Калинина мгновенно вспомнила, как одна из сотрудниц ВТК сказала в беседе с ней:
— Я вхожу в автобус, вижу людей, их глаза. И сразу смогу определить, кто из них сидел. Взгляд у них такой, особенный… Я даже объяснить не могу. Те, кто выходит отсюда, ещё долго продолжают считать себя зэчками.
В глазах Ирэн сейчас тоже появилось странное выражение, которое невозможно было объяснить. Глаза зверька, загнанного в угол, из которого нельзя выбраться.
— Слушай, — вдруг спросила Елена, — а как зовут этого самого мужика, который задумал на тебе жениться?
— А я разве не говорила? — удивилась Ирэн.
— Нет, конечно.
— Мастинский, Борис Ефимович.
— Кто-о? — глаза Калининой поползли на лоб. — Ты знаешь, кто это? Один из очень влиятельных людей. Про его возможности ходят самые невероятные слухи. Мастинский — это очень серьезно.

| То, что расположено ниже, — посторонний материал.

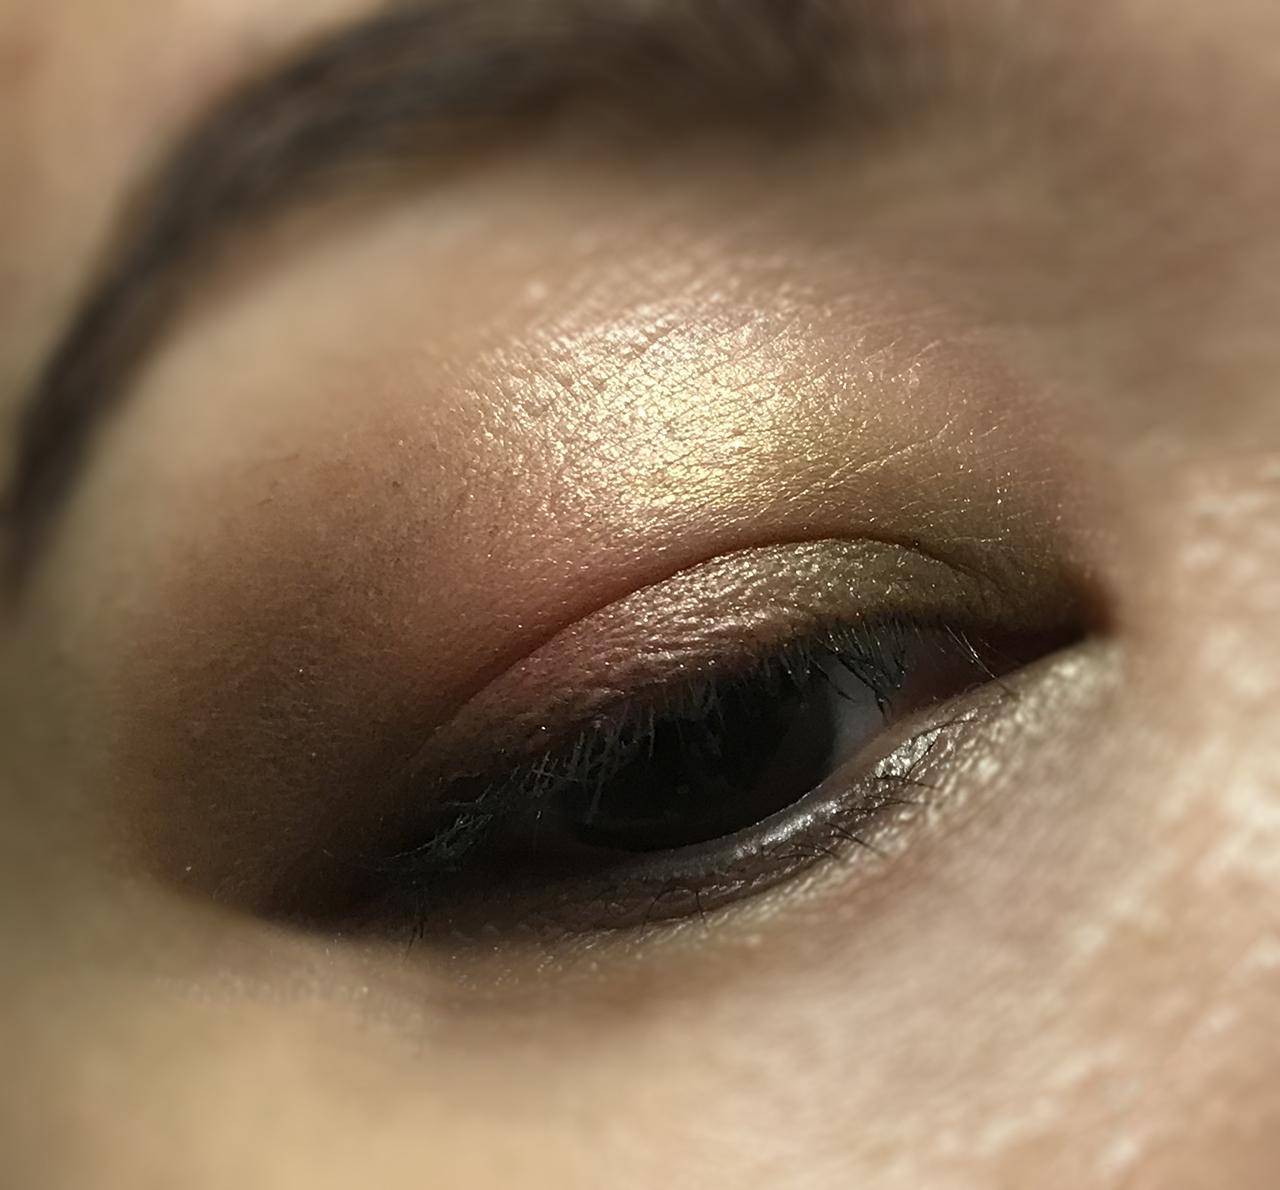 SUQQU Eyeshadow Compact 101 EOTD 2

Ирэн ушла, а Лена так и осталась стоять в прихожей. Вот так номер, растерянно думала она, похоже, дело обстоит куда сложнее, чем думала… Помочь девчонке будет непросто.
Валерия, держа сэра Дэниэла на поводке, вышла на лестничную площадку и тут же увидела, как открылась соседняя дверь.
— Лерочка, здравствуйте! — на пороге своей квартиры стояла пожилая соседка.
— Доброе утро! — приветливо отозвалась Стрелецкая, придерживая пса, который неодобрительно тряхнул головой.
Ну вот, теперь опять задержка, загрустил шар-пей. К тому же пахнет от этой старухи просто ужас какой-то чем.
Соседку звали Бронислава Станиславовна. Ей было семьдесят три года. Старуха отличалась строптивым характером. Она была худощава и стройна, сохранила хорошую осанку, как у грузинской княжны, и длинные густые волосы. Для своих лет она выглядела удивительно хорошо.
Невозможно было представить её без приклеенной к губе «беломорины». Она дымила, как паровоз, и другого курева не признавала. «Беломоркэнэл», гордо произносила старуха с французским прононсом. Она знала несколько иностранных языков, до сих пор читала Монтеня в подлиннике и давным-давно, как она говорила, забила болт на все, что происходило вокруг. В свое время она получила пятнадцать лет сталинских лагерей за дворянское происхождение и как дочь врага народа.
Развлечением в жизни Брониславы Станиславовны были собрания таких же, как она, узников лагерей. Там кипела какая-то жизнь, в которой могла принять участие.
Ни с кем в доме она не дружила, лишь к Лере испытывала расположение и иногда болтала с ней.
— Опять нас вчера собирали. Председатель комитета — вор, а его заместитель и того хуже. Все хапают, хапают, остановиться не могут. Всякий гад — на свой лад.
Бронислава Станиславовна любила смотреть телесериалы.